Fira tertegun mendengar ucapan Akar. Sorot matanya menatap anak semata wayangnya itu lekat-lekat, seolah meminta penjelasan.

"Gudang, pabrik pakan, dan mitra perusahaan di Jawa Tengah ini adalah rencanaku, Ma. Jadi aku sendiri yang harus memastikan semuanya berjalan sesuai dengan sistem yang akan aku siapkan." Menyandarkan dirinya ke kepala ranjang, Akar membalas tatapan mamanya.

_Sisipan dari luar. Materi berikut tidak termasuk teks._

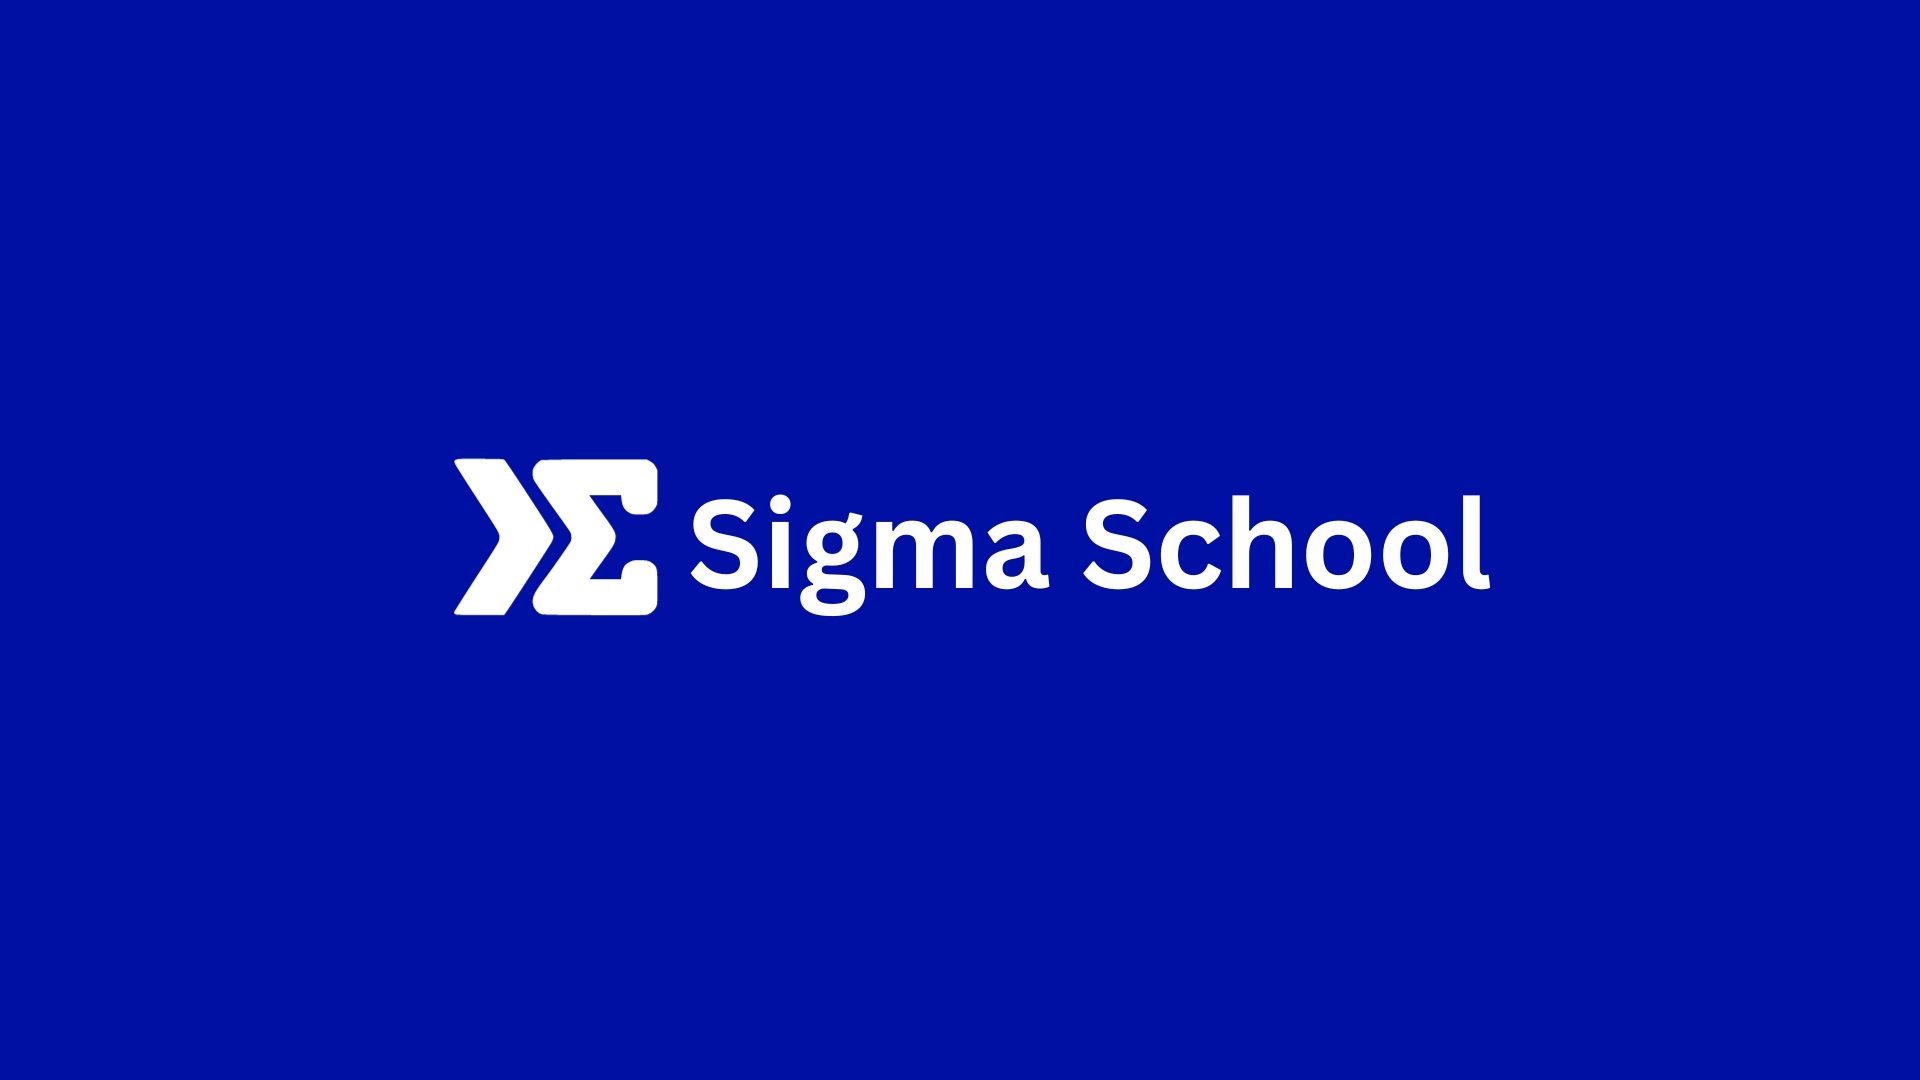 Sigma School Image 1
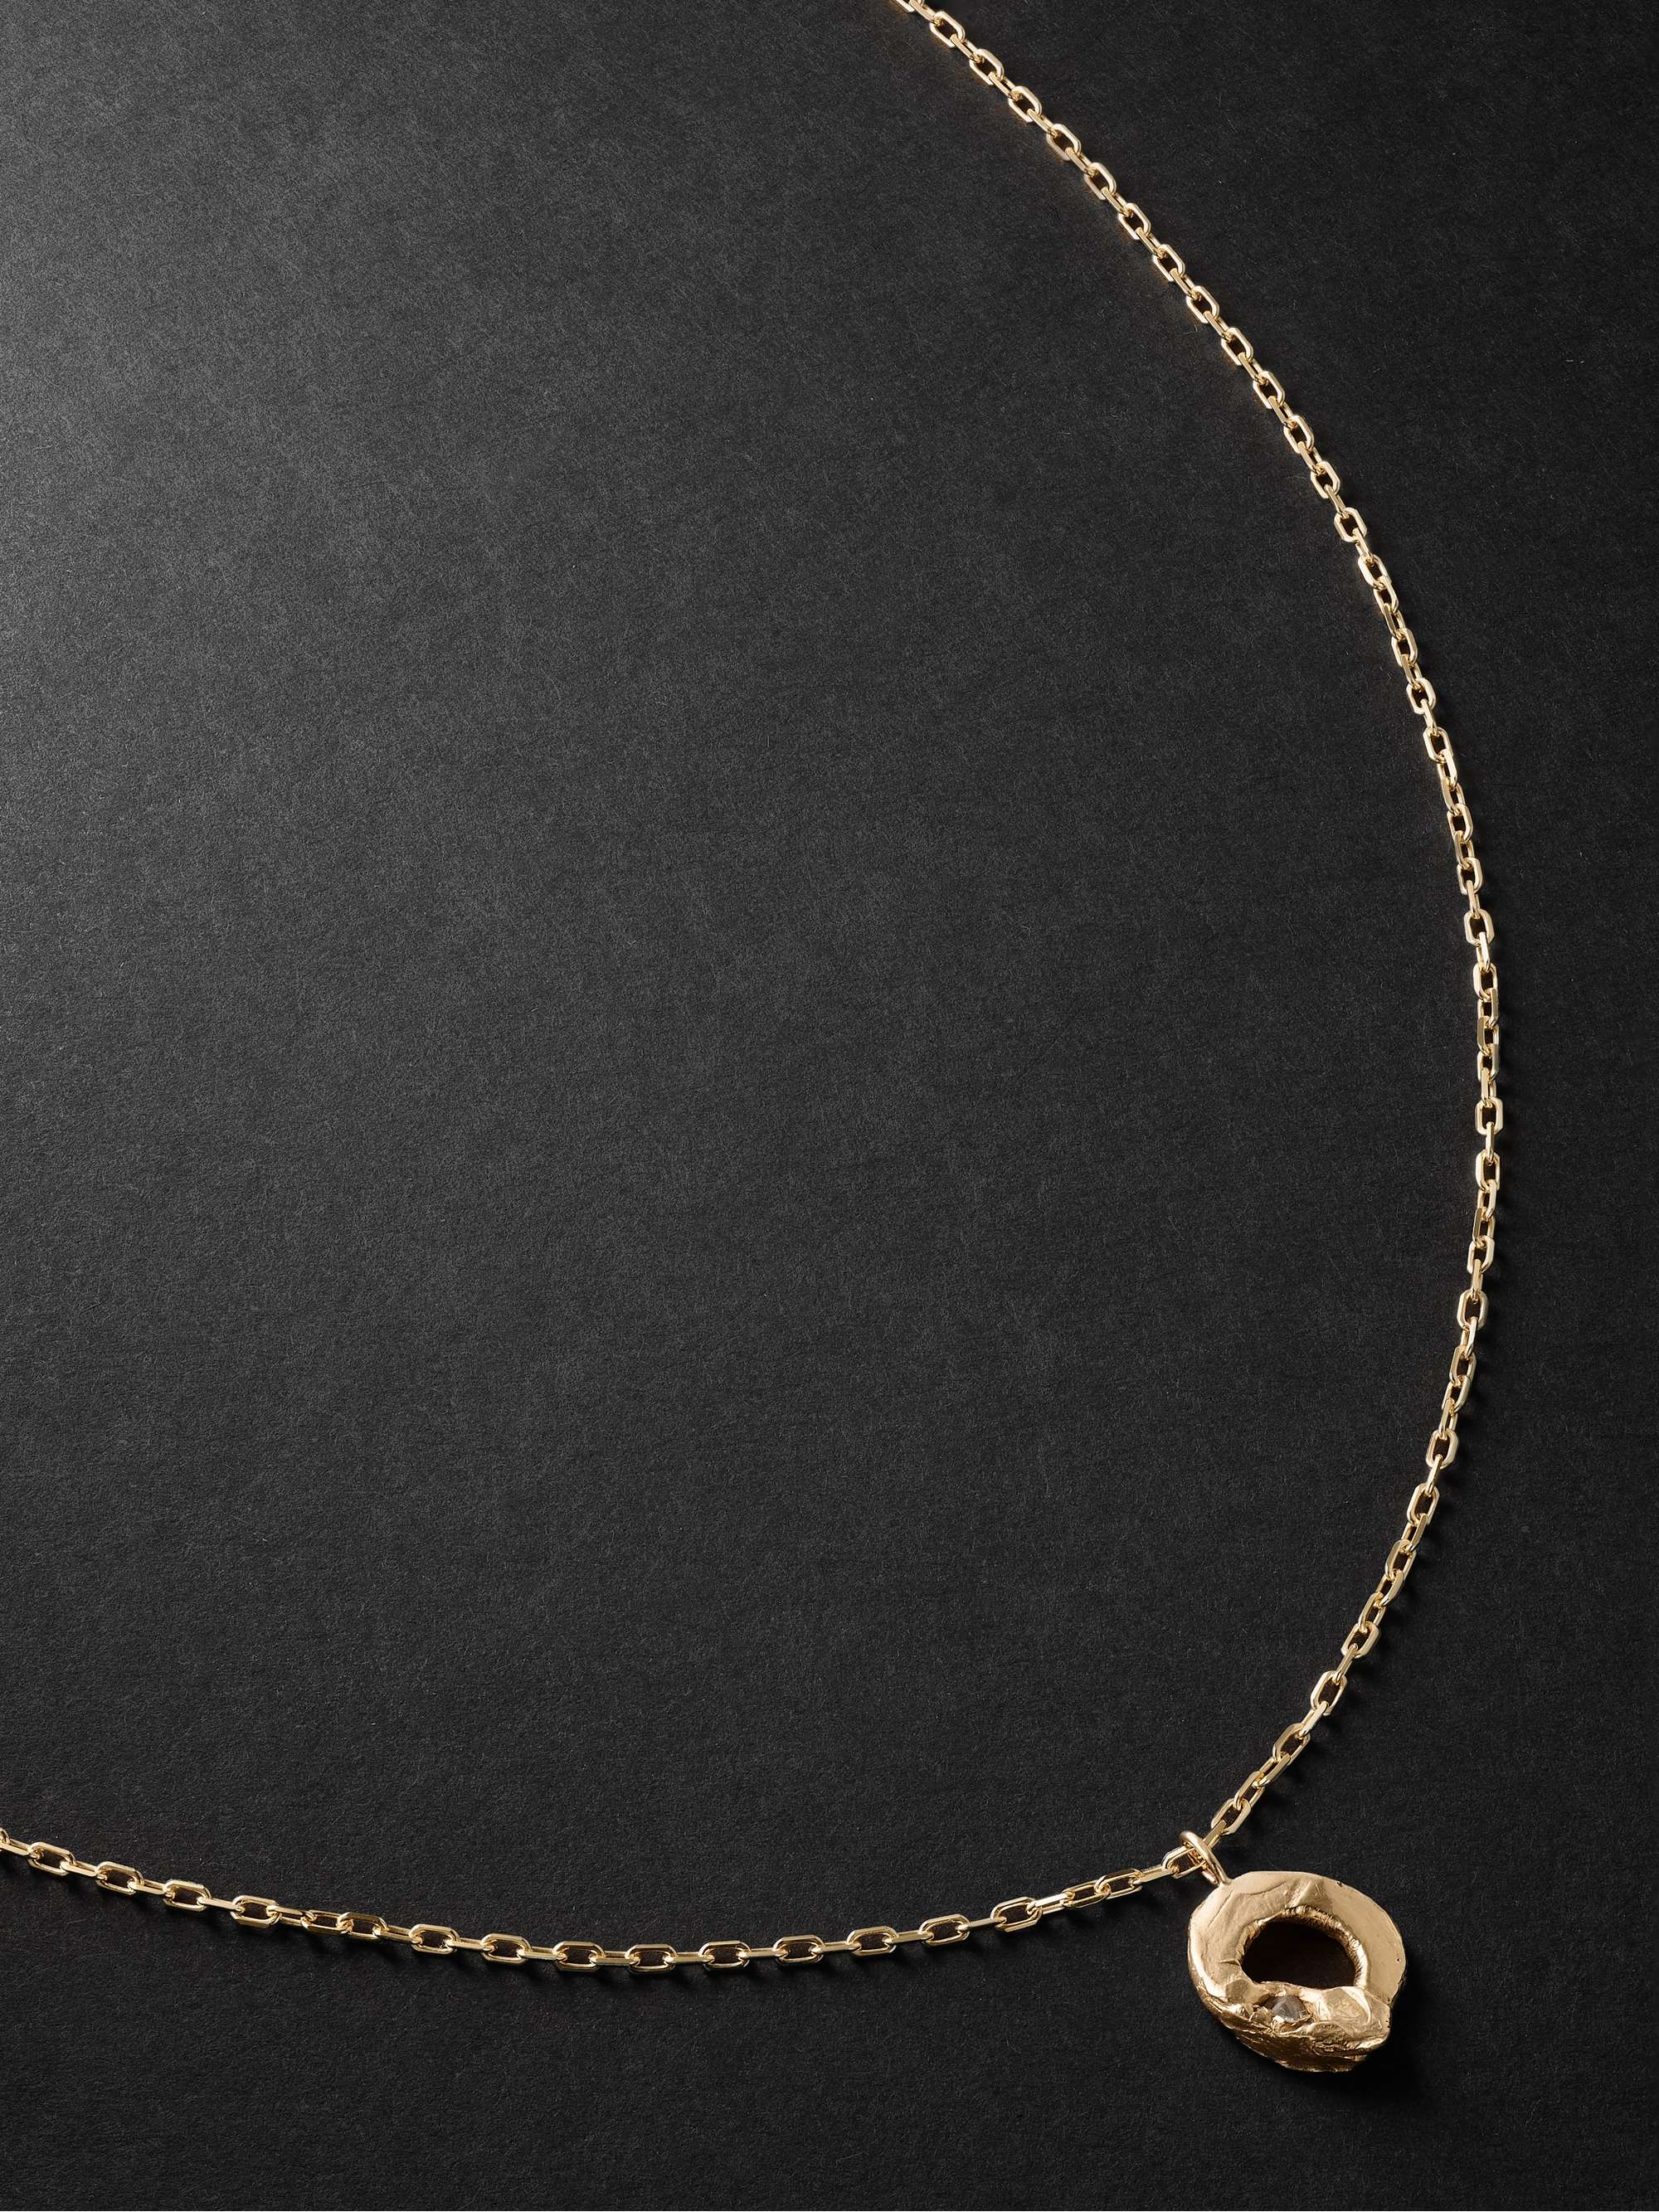 ALICE MADE THIS + Ocean Diamonds Wallace 9-Karat Gold Diamond Pendant Necklace

"Kamu bawa Nami ke sana juga? Dia bisa semakin berulah kalau tahu akan ditinggal papanya bekerja berbulan-bulan di luar kota."

"Ma, yang benar saja. Aku bakal sibuk banget, loh. Gimana sekolah Nami? Siapa yang akan mengurus dia di sana? Mama ikut ke sana juga?" Akar menggaruk kepala, kendati tidak ada rasa gatal di sana. Dia mendesis sebal dengan penuturan Fira. Jelas saja dia tidak setuju dengan itu. Dia akan sangat-sangat sibuk bekerja. Jika Nami bersamanya, siapa yang akan menjaga Nami? Bagaimana kalau ada apa-apa dengan anaknya? Tentu Akar punya dana berlebih untuk memindahkan putrinya ke sekolah terbaik di Semarang, tapi ini bukan soal uang. Ini soal kehidupan baru yang anak itu akan alami, dan Akar tidak merasa punya daya untuk mendampingi.

"Kalau kamu bilang sampai batas waktu yang belum ditentukan, ya ajak anak kamu, dong. Dia ini sudah empat tahun lebih umurnya. Sebentar lagi lima tahun. Terus, enggak mungkin mama ikut, Kar. Mama banyak urusan di Surabaya, lagi pula, siapa yang jaga kakek kamu? Kalau ada apa-apa, yak opo (bagaimana)? Mbok Asih yang akan bantu kamu jaga Nami. Soal sekolah, biar Mama yang urus. Nami itu tidak cuma butuh uang kamu saja, Kar. Dia butuh kamu, butuh figur orang tuanya." Suara Fira tegas, tanpa bisa dibantah.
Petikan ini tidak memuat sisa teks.